**Exercise data**

▬▬▬▬▬▬

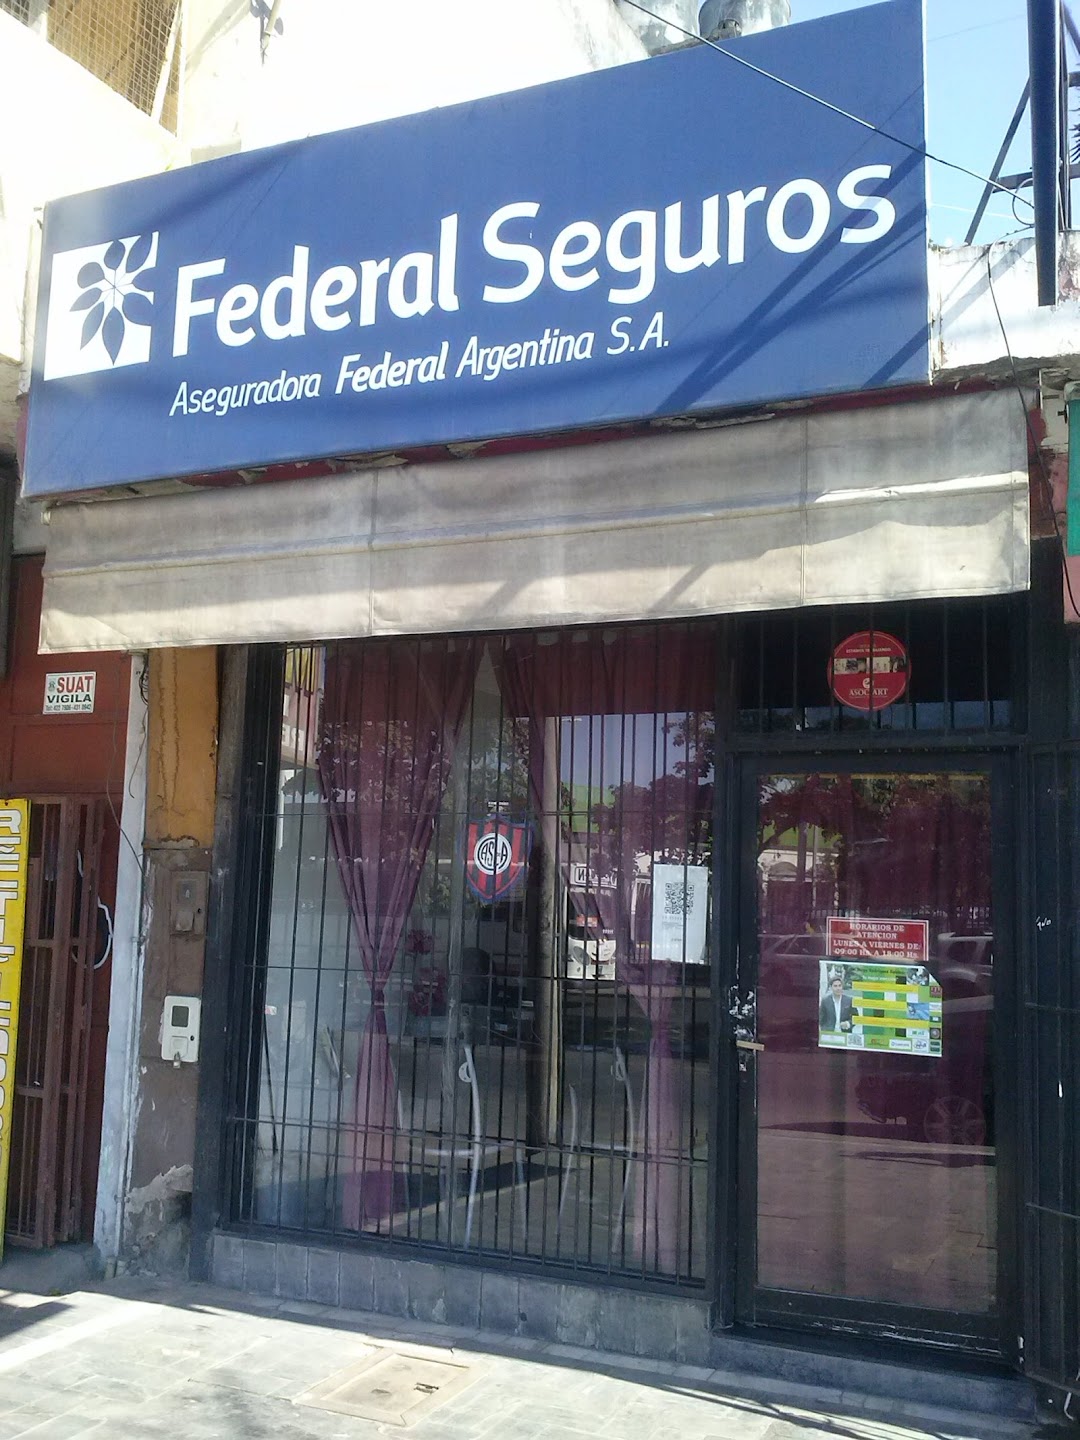 Federal Seguros Aseguradora Federal Argentina S.A.
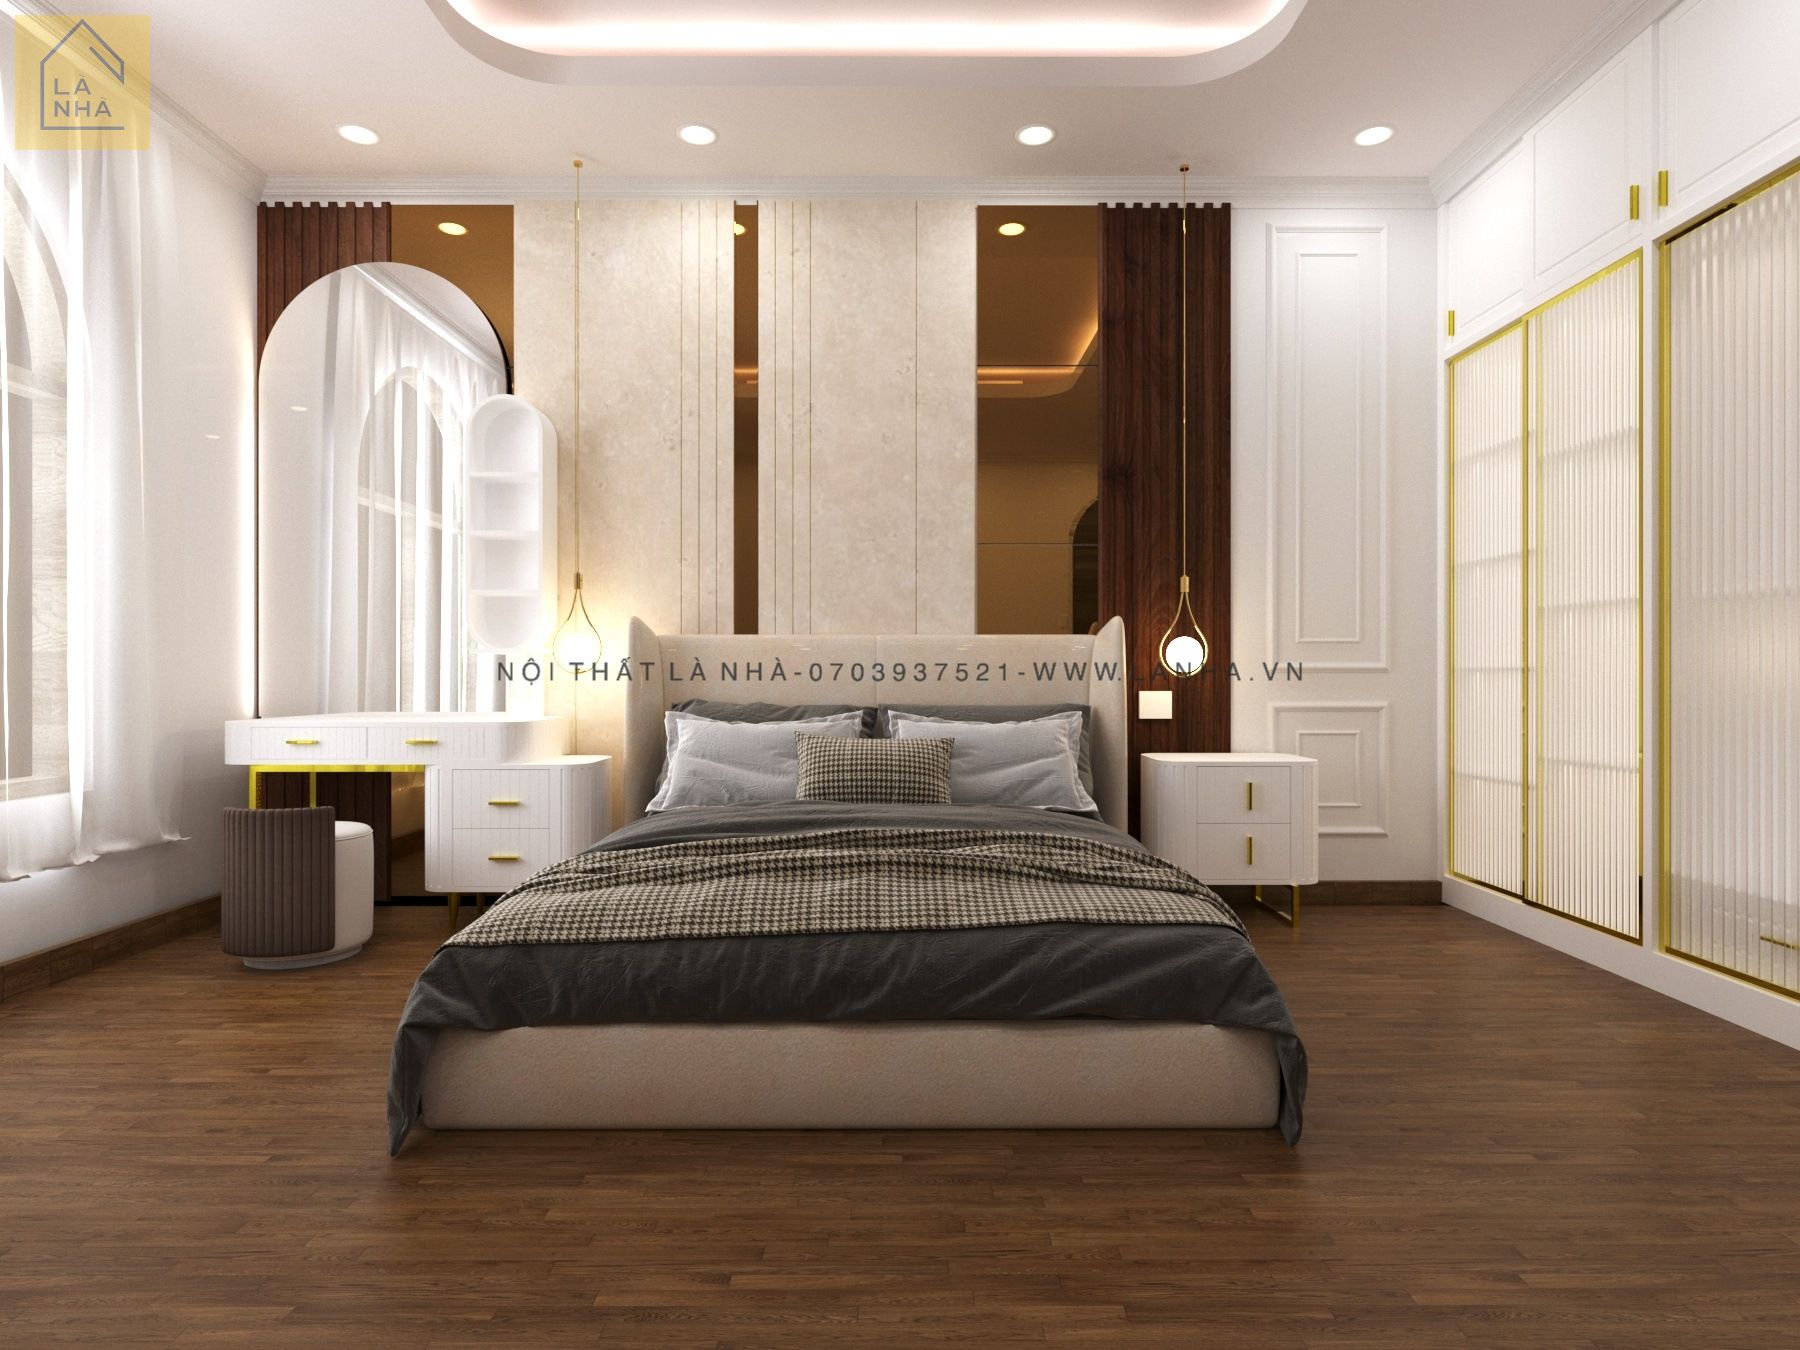 Tham khảo các xu hướng thiết kế nội thất phòng ngủ được ưa chuộng nhất
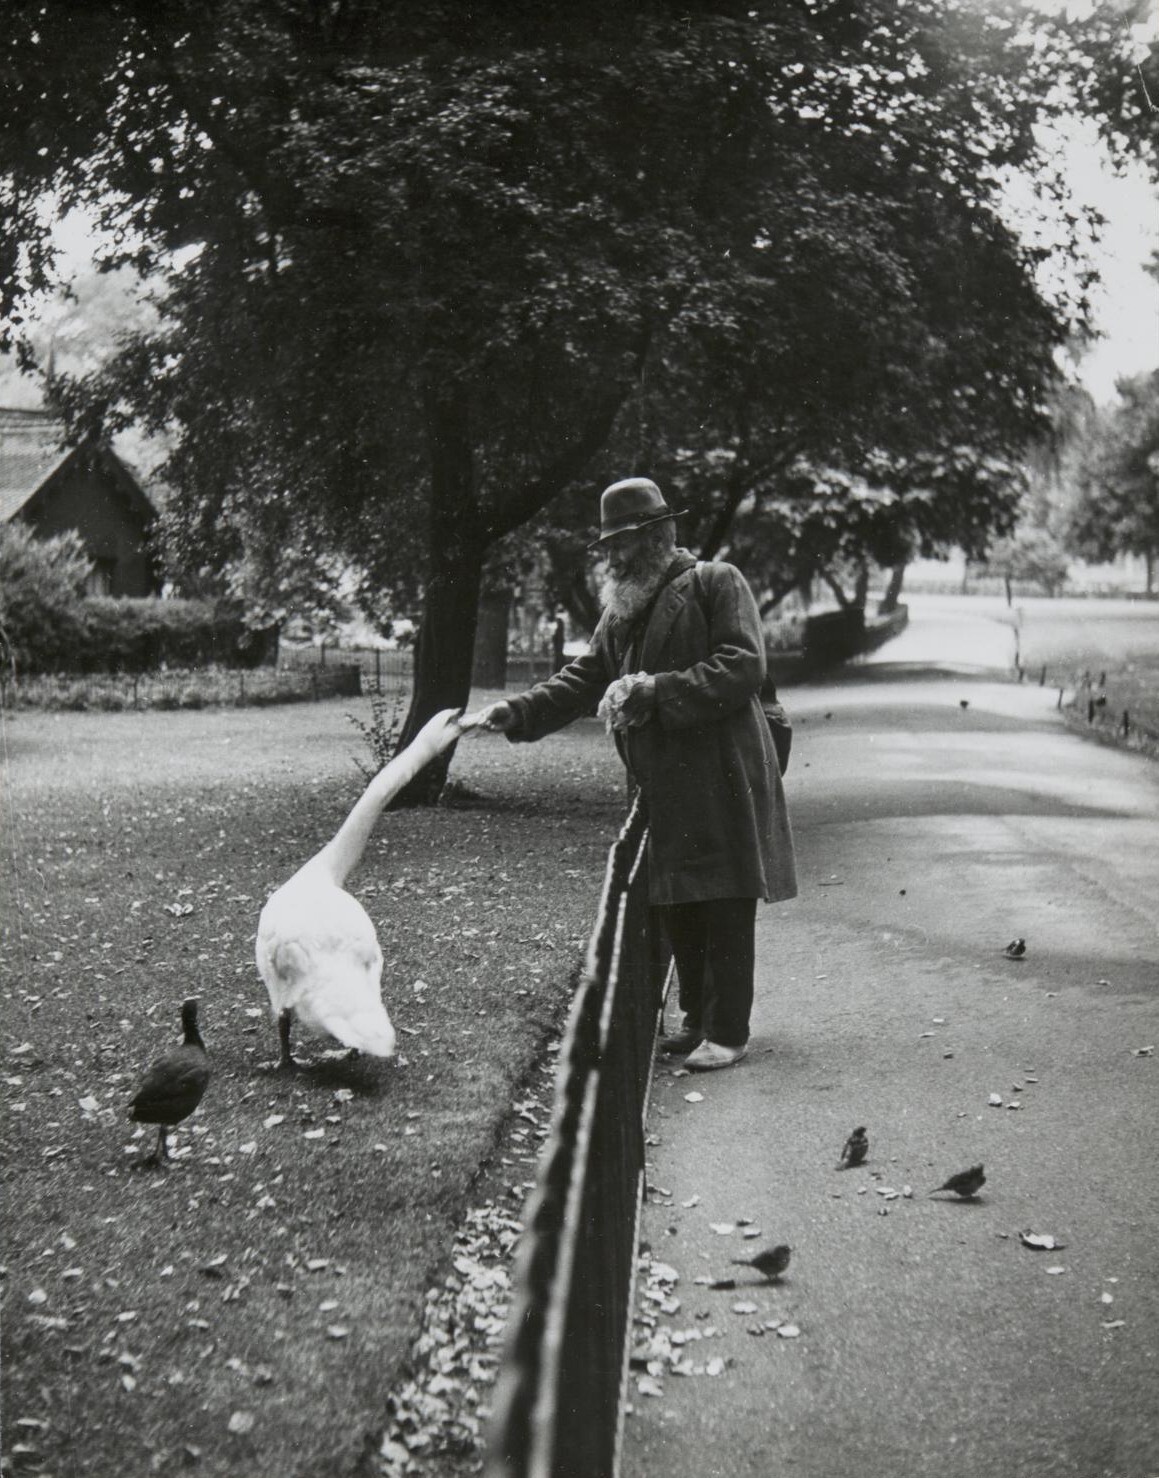 Кормление птиц. Сент-Джеймсский парк, Лондон, 1950. Фотограф Изис Бидерманас
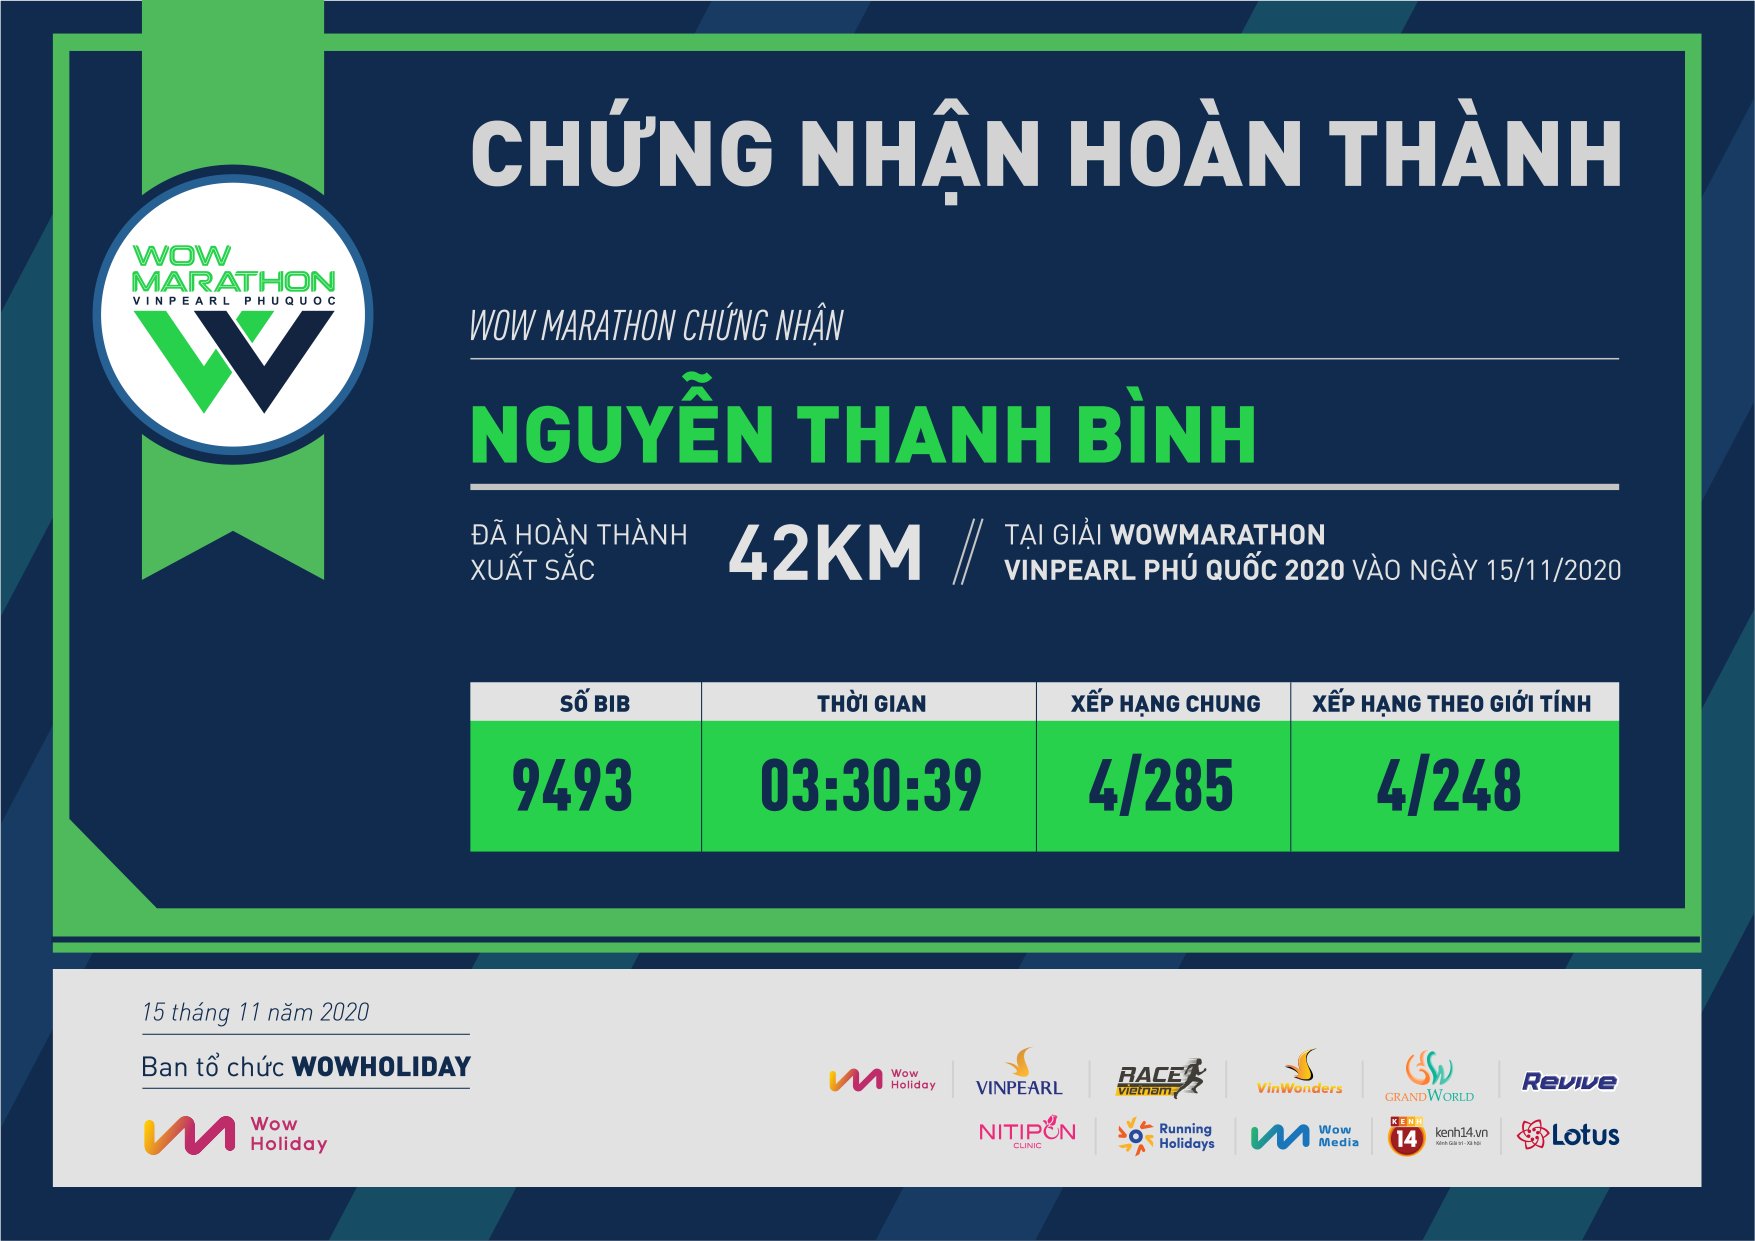 9493 - Nguyễn Thanh Bình

▬▬▬▬▬▬

Restate the listing word for word, pictures excluded.

 Federal Seguros Aseguradora Federal Argentina S.A.
 Tham khảo các xu hướng thiết kế nội thất phòng ngủ được ưa chuộng nhất
 Кормление птиц. Сент-Джеймсский парк, Лондон, 1950. Фотограф Изис Бидерманас
 9493 - Nguyễn Thanh Bình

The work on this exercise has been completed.